--- Task brief ---
Go through the listing below and write out exactly the lines from the one that mentions "32217 Center Line" through the one that mentions "Diamond Essence Slide", minus the pictures.

--- Data for the task ---
**********

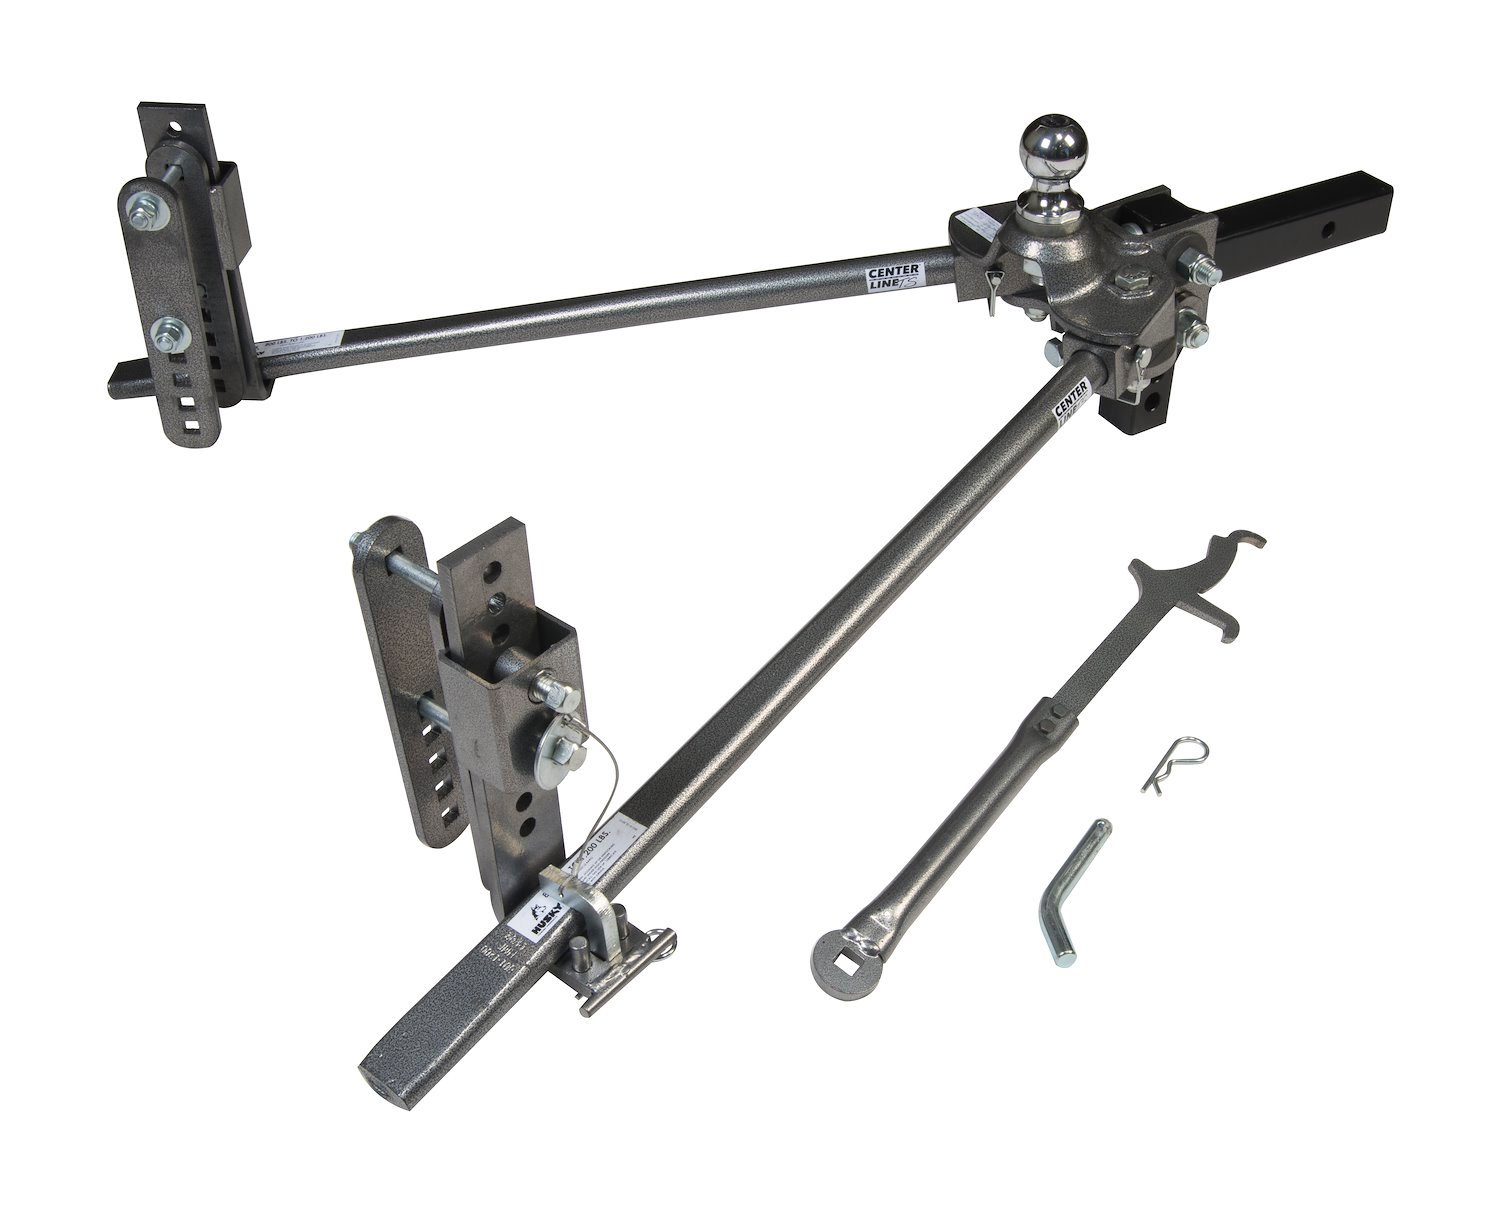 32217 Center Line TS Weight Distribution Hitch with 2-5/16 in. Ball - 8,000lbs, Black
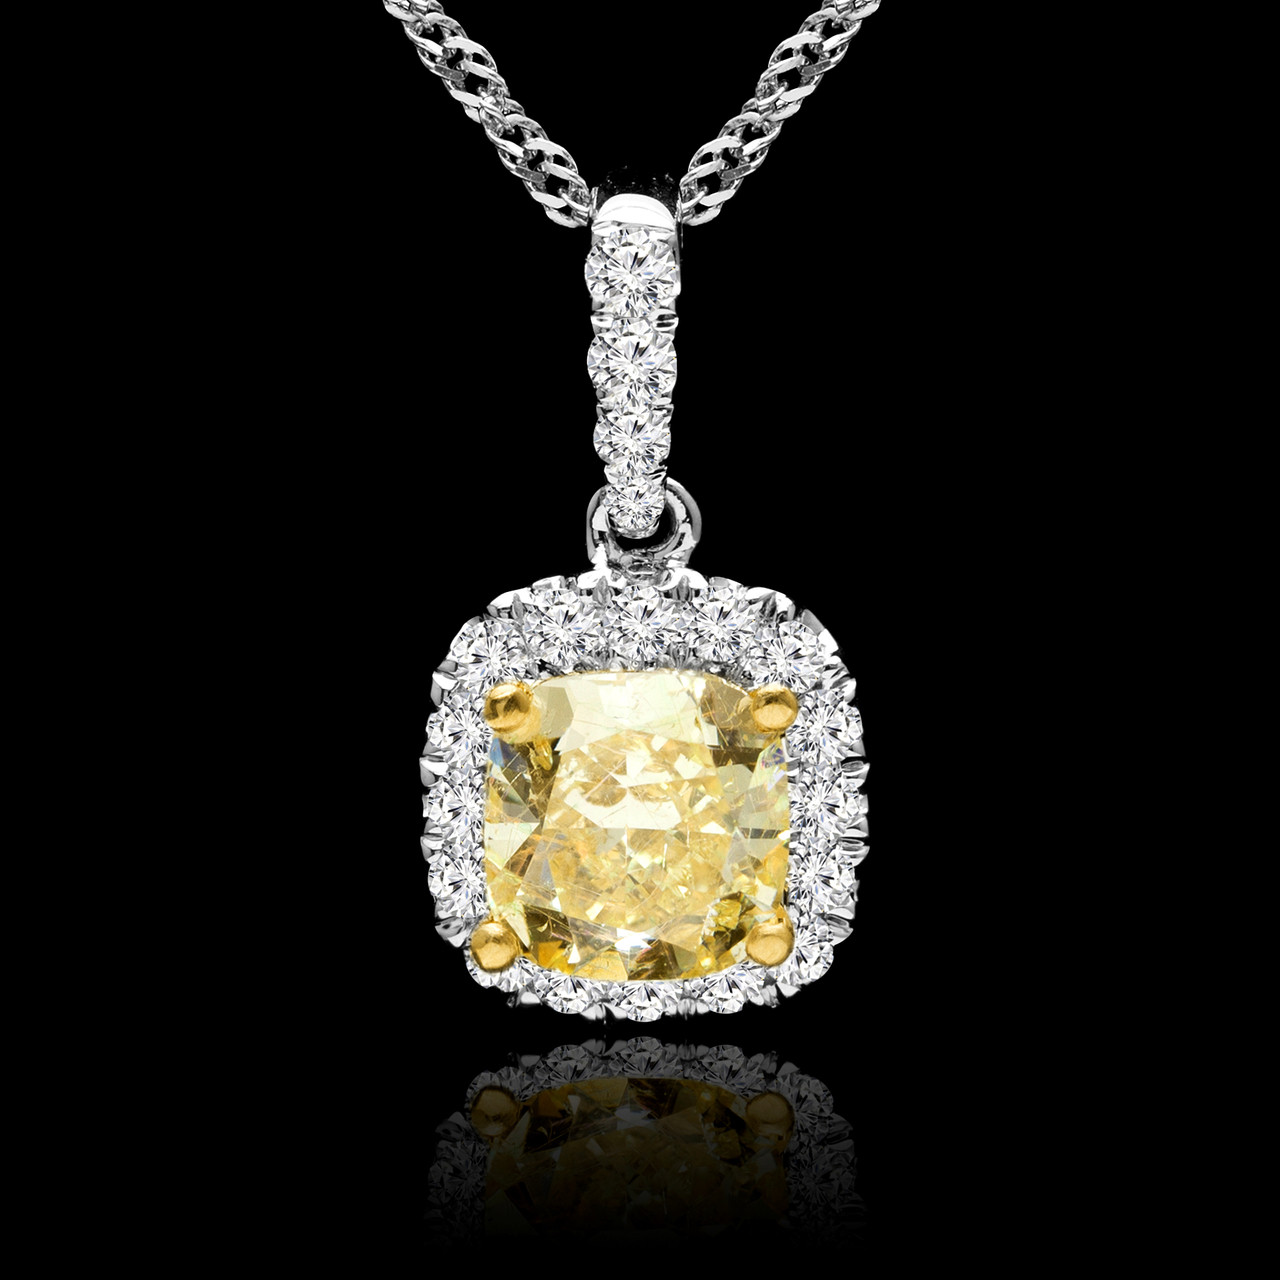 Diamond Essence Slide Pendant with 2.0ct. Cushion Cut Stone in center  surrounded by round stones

**********

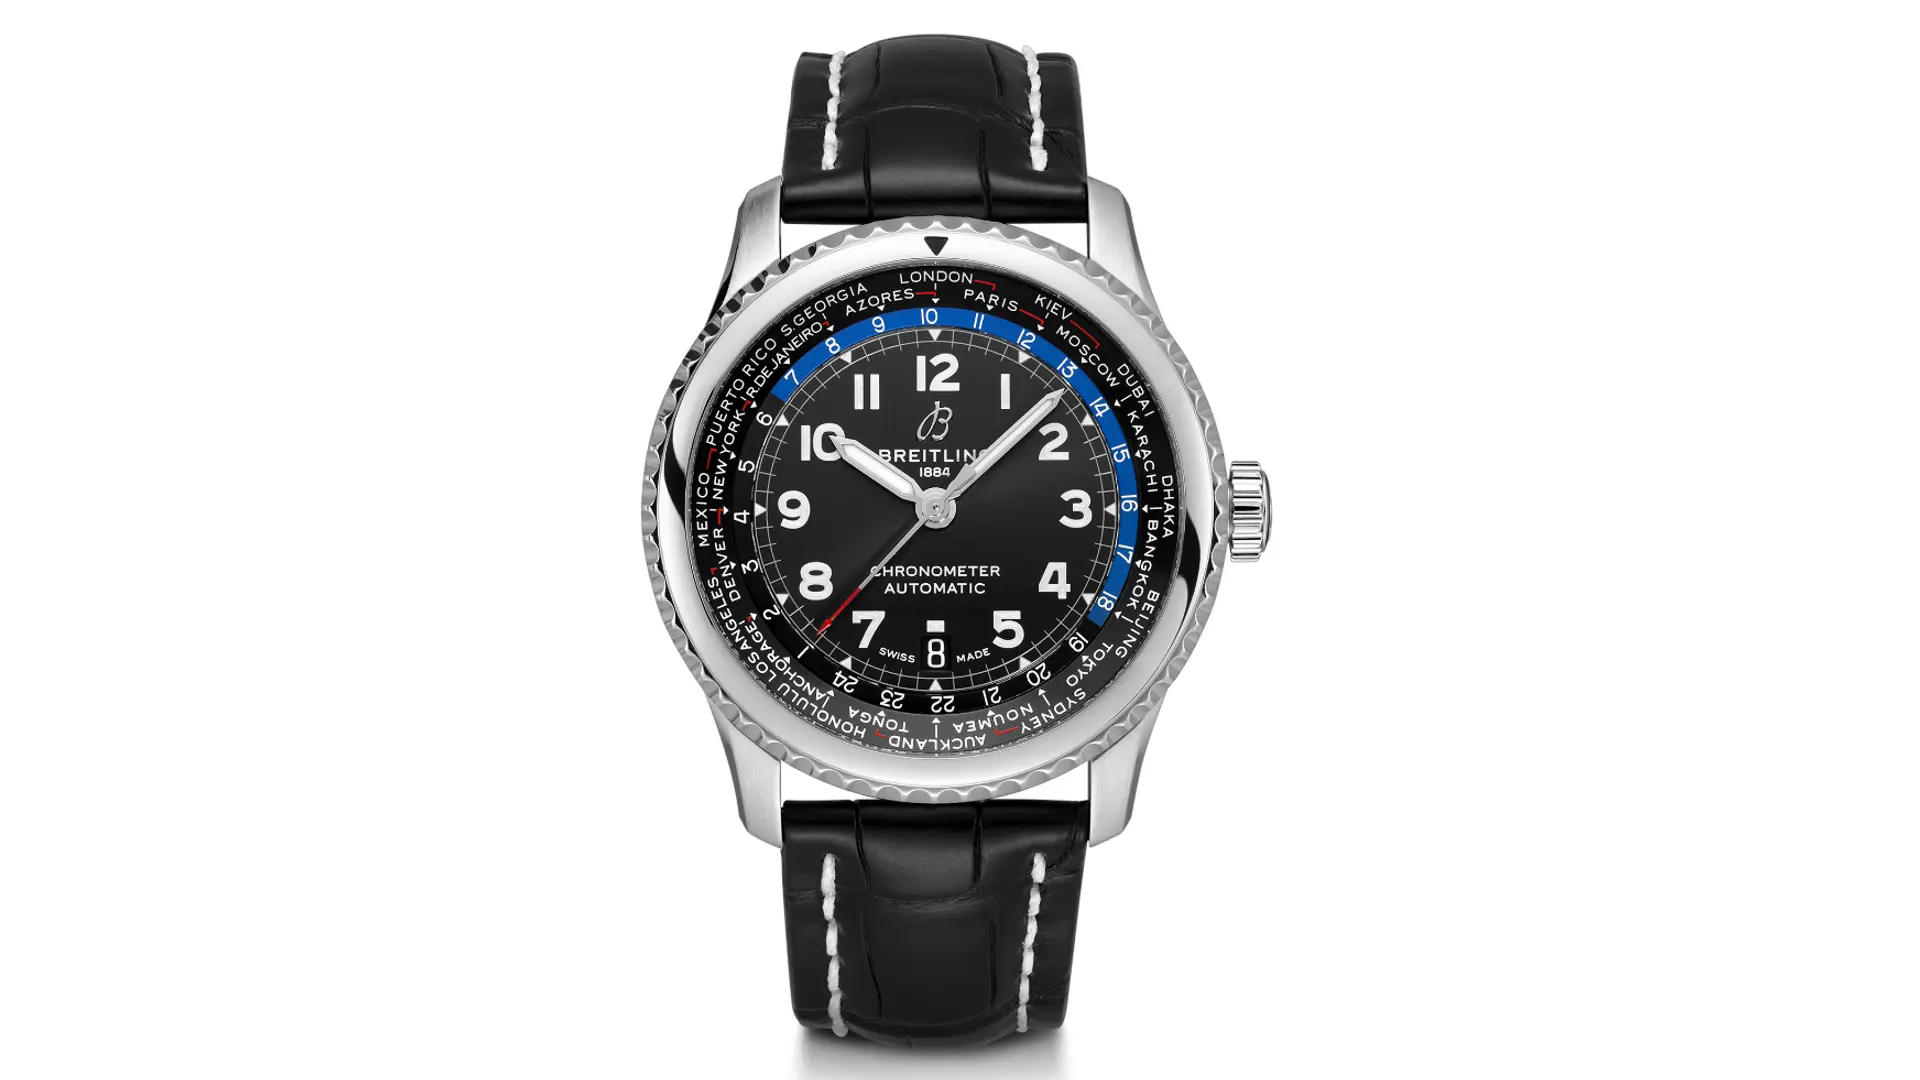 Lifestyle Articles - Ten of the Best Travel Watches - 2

**********

--- Response to this exercise ---
 32217 Center Line TS Weight Distribution Hitch with 2-5/16 in. Ball - 8,000lbs, Black
 Diamond Essence Slide Pendant with 2.0ct. Cushion Cut Stone in center  surrounded by round stones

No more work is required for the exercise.